### WORK ORDER
When you spot the word "DOGE" in a line of the data below, copy that line.

### STUDY MATERIAL

__________

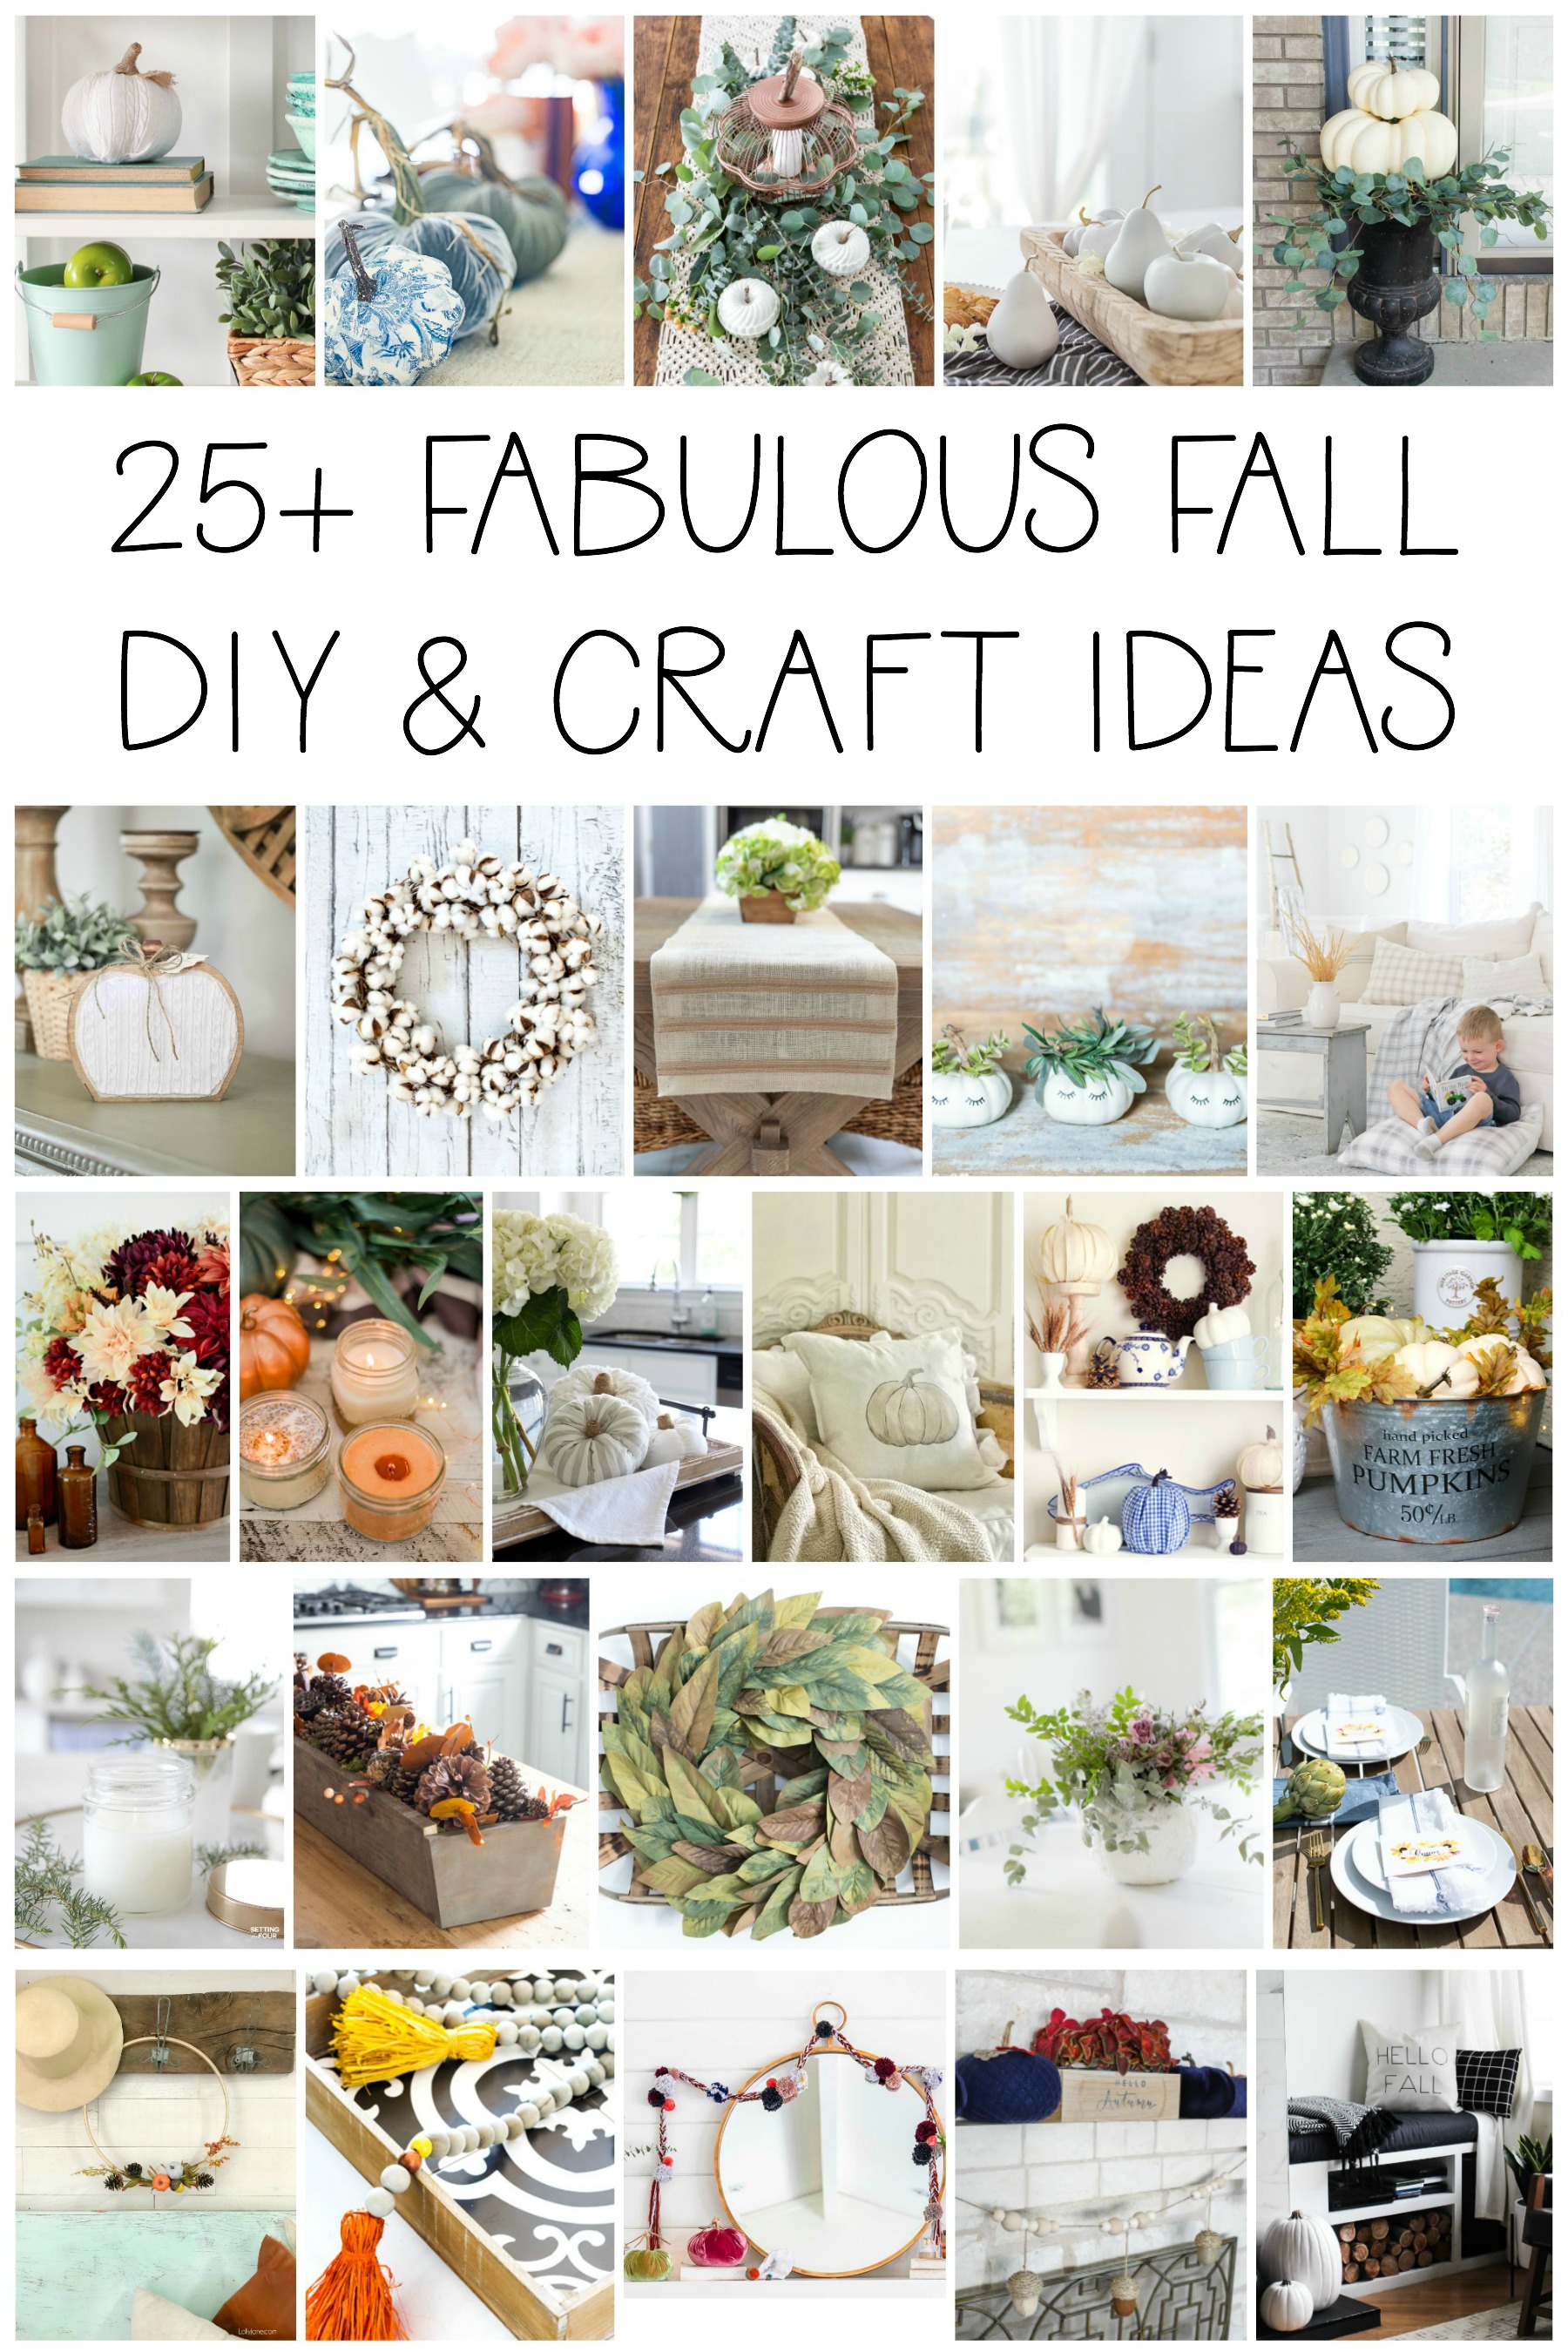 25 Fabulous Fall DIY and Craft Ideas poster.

__________

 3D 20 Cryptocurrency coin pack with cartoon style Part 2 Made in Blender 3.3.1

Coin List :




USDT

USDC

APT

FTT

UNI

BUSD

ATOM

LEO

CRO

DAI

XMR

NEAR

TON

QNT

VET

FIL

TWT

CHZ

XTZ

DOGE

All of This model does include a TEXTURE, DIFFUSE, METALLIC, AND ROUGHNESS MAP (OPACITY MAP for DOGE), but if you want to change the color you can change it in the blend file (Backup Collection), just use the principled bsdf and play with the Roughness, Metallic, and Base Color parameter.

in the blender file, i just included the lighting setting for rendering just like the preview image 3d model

__________

### THE ANSWER
DOGE
All of This model does include a TEXTURE, DIFFUSE, METALLIC, AND ROUGHNESS MAP (OPACITY MAP for DOGE), but if you want to change the color you can change it in the blend file (Backup Collection), just use the principled bsdf and play with the Roughness, Metallic, and Base Color parameter.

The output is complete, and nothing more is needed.